Rosenthal: Do you still believe a pitch clock is necessary?

Manfred: I think the clock probably would be a positive on pace of game. I am thinking about what our strategy should be for the next off-season. I think some of the things we have seen this year suggest that maybe we should be thinking a little broader than just pace.

Rosenthal: This is the next question — pace of action. This is an ongoing issue. The trend is clear that there are fewer balls in play, and it’s not just a one-year trend. How concerned are you that for some fans — maybe not all — the game is simply becoming too dull?

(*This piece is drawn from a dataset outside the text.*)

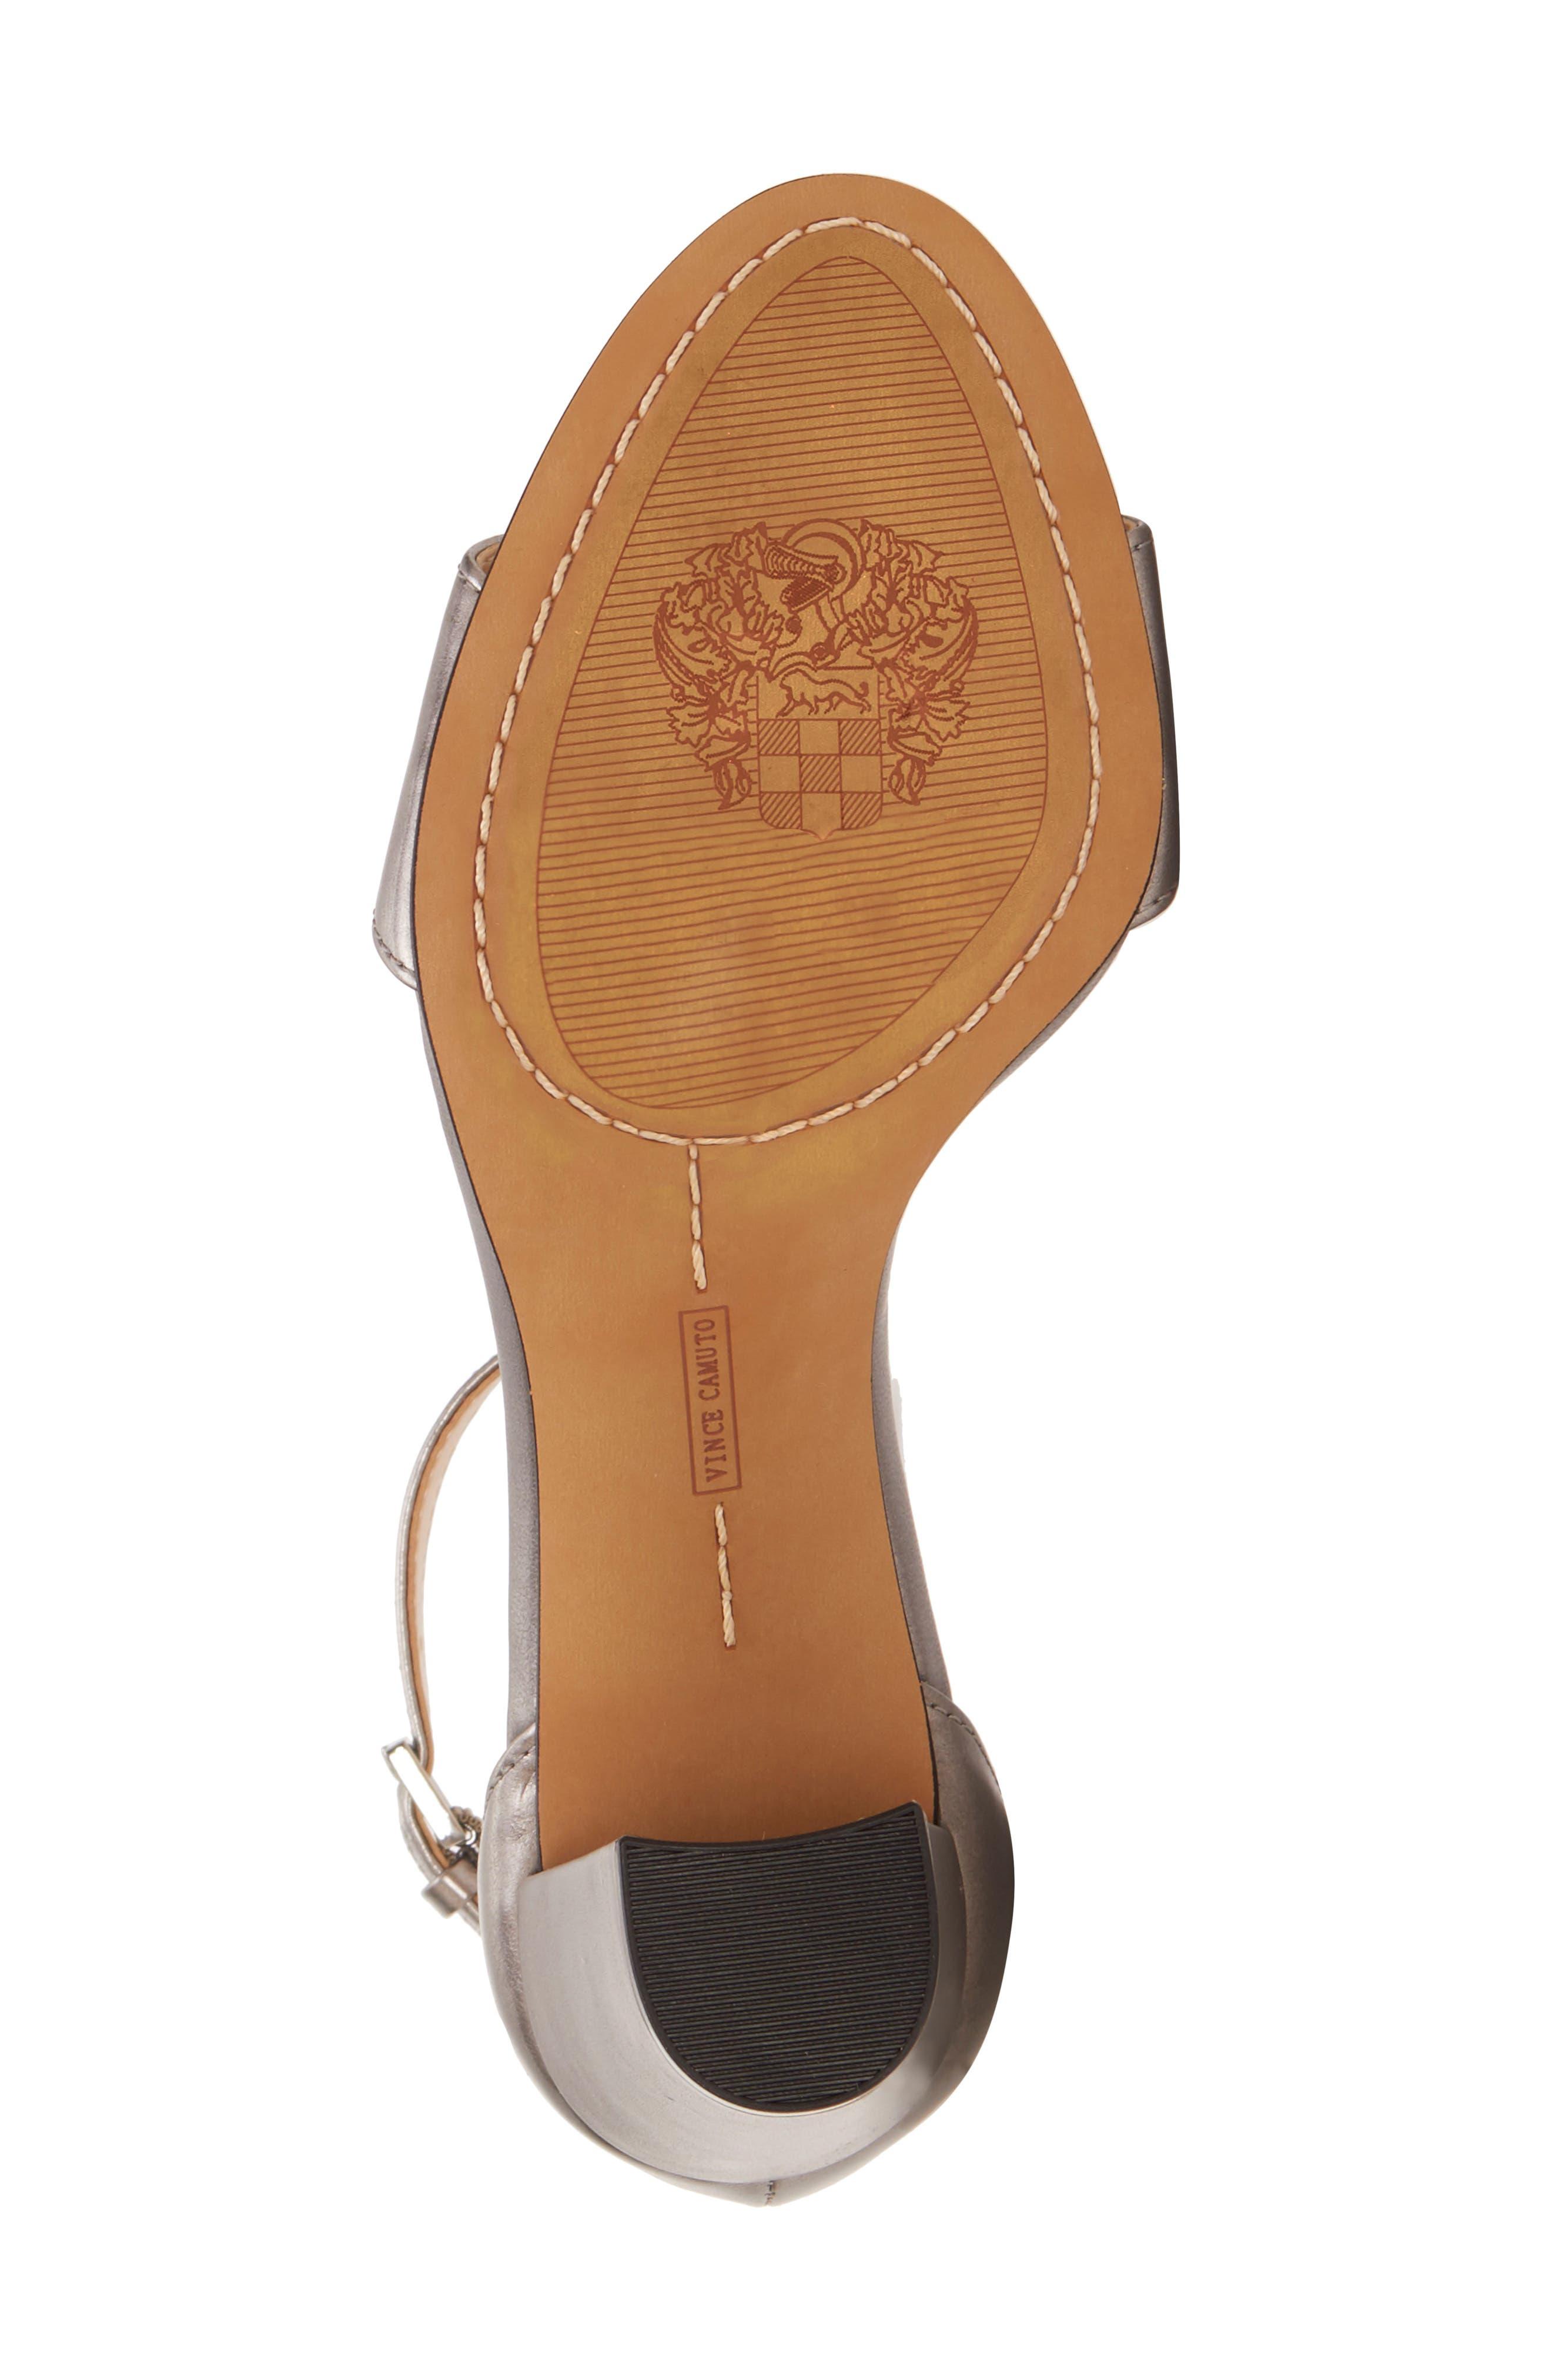 VINCE CAMUTO, Corlina Ankle Strap Sandal, Alternate thumbnail 6, color, METAL GREY

Manfred: I don’t believe the game is dull. I just absolutely will not buy into the characterization of our game as dull. I do believe this: There is a growing recognition that analytics have produced certain trends in the game that we may need to be more pro-active about reversing.

There are owners that feel that way. There are fans that feel that way. To me, those are really important indicators of what we ought to be thinking about.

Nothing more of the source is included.